ジロウの目はその中でも、自ずと強い存在感を発するものに引き寄せられた。緑と一体化したような天蓋付きのベットだ。
白い布団とシーツに覆われたそれは、遠目に何かを包んで膨らんでいるように見える。さくさくと芝を踏んで、ジロウは慎重にベットとの距離を詰めた。

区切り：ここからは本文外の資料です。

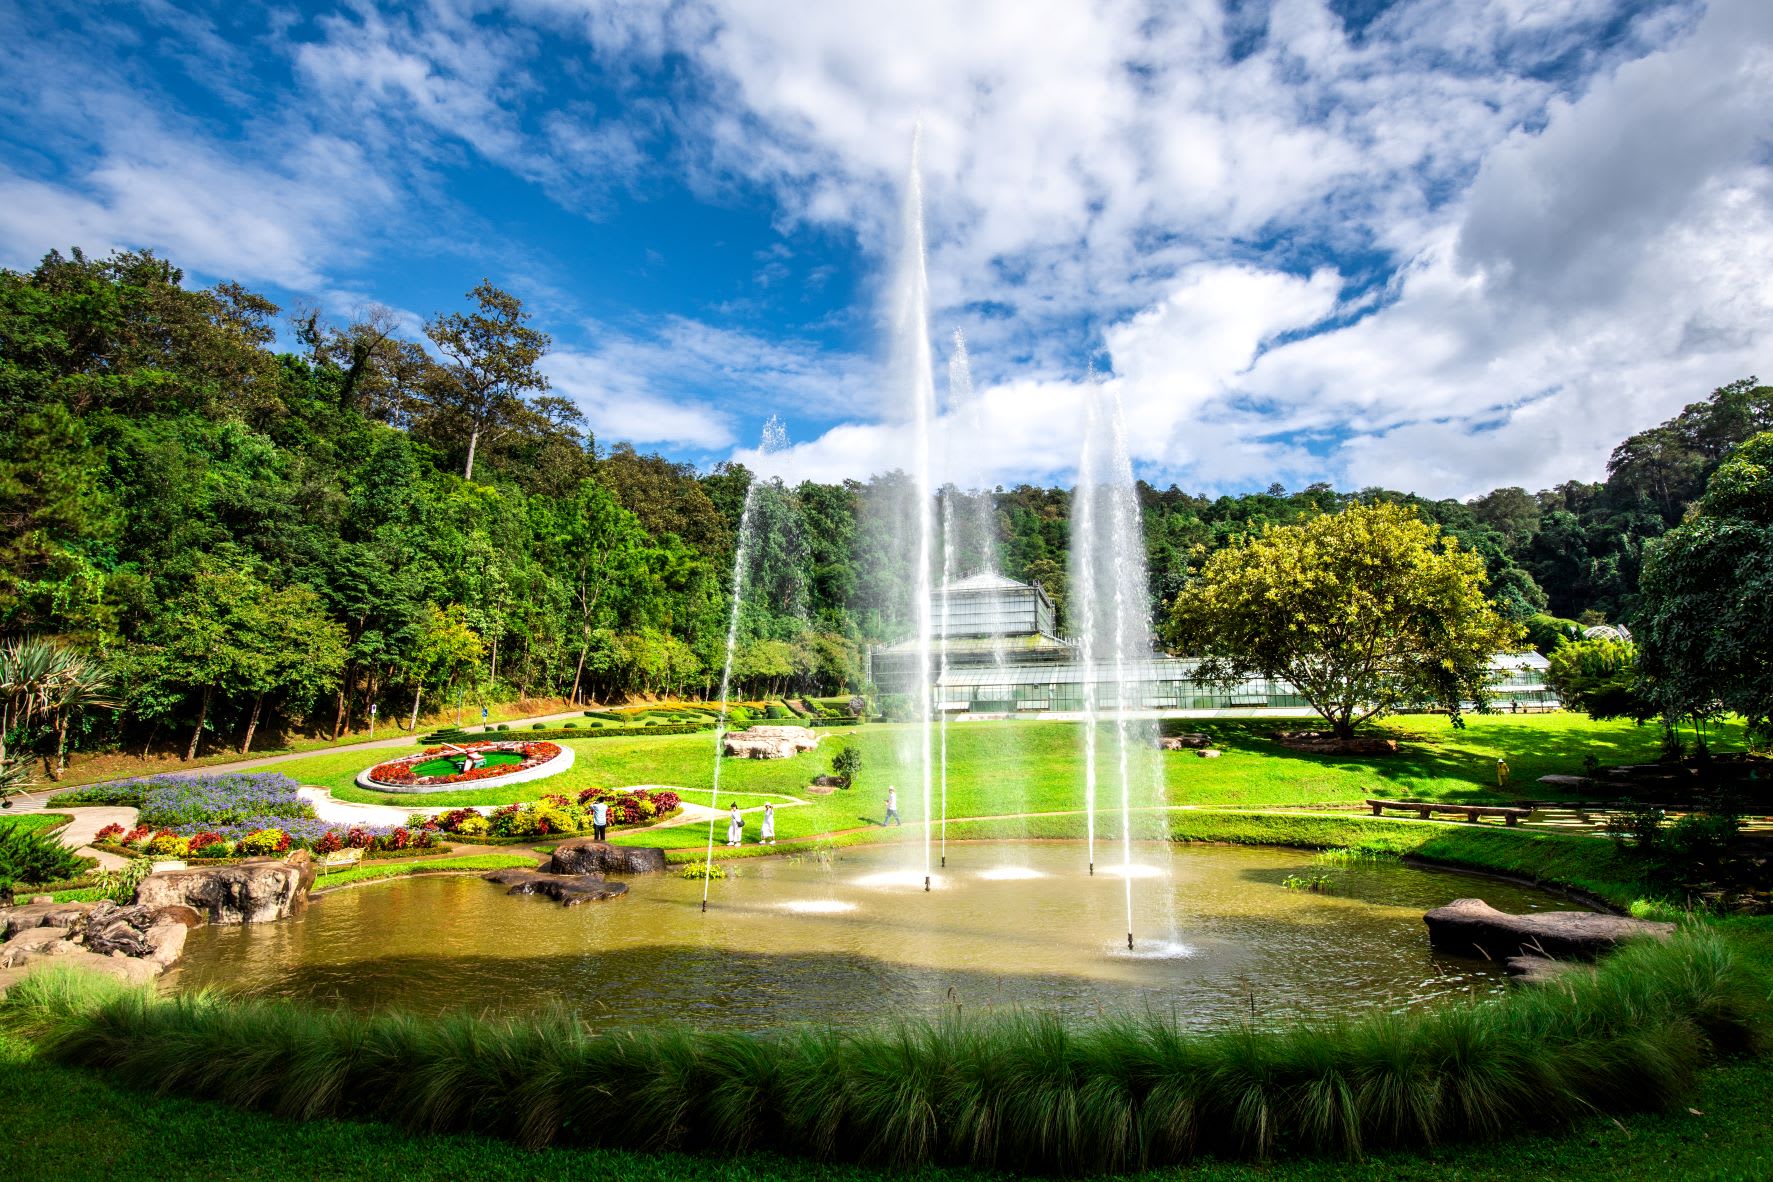 สวนพฤษศาสตร์สมเด็จพระนางเจ้าสิริกิตติ์ Queen Sirikit Botanic Garden
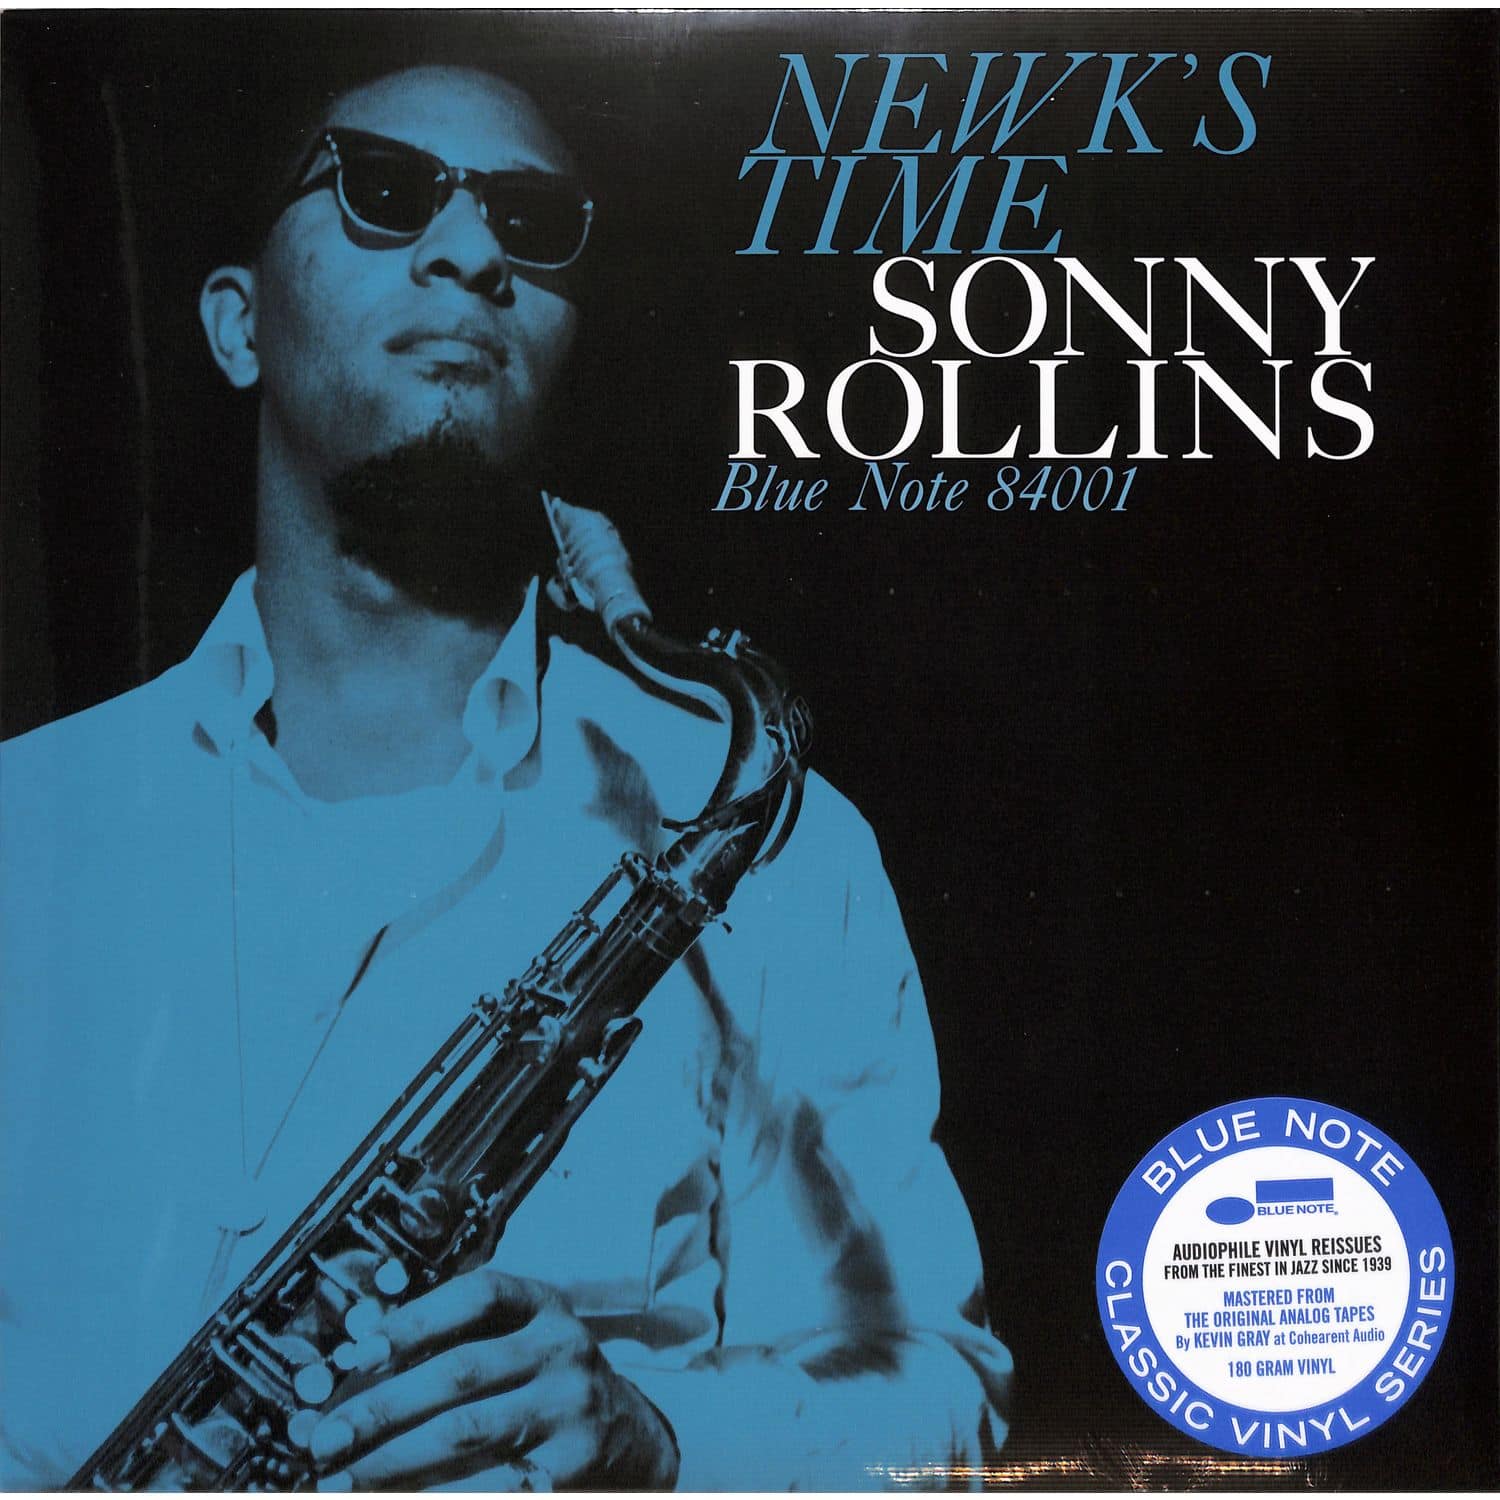 Sonny Rollins - NEWKS TIME

次第に見えてきた”中身”に、ジロウは自然と動機が激しくなっていくのが分かった。
それはーー
小さな眠り姫だった。
流星が零した涙のような銀髪が、無造作にシーツに広がっている。真っ白の肌はすべすべしていて、室内の微光の中、ぼんやりと浮き立って見えた。穏やかな寝顔は、美しい夢の情景を見せつけるような可憐さで、同時に何百年も眠ったままではないかと思わせる静けさが漂っていた。
残念なことに、瞳は閉じあわされた長い睫に隠れている。
くぅ、くぅ、と彼女が静かな寝息を立てるたびに、布団が微かに上下する。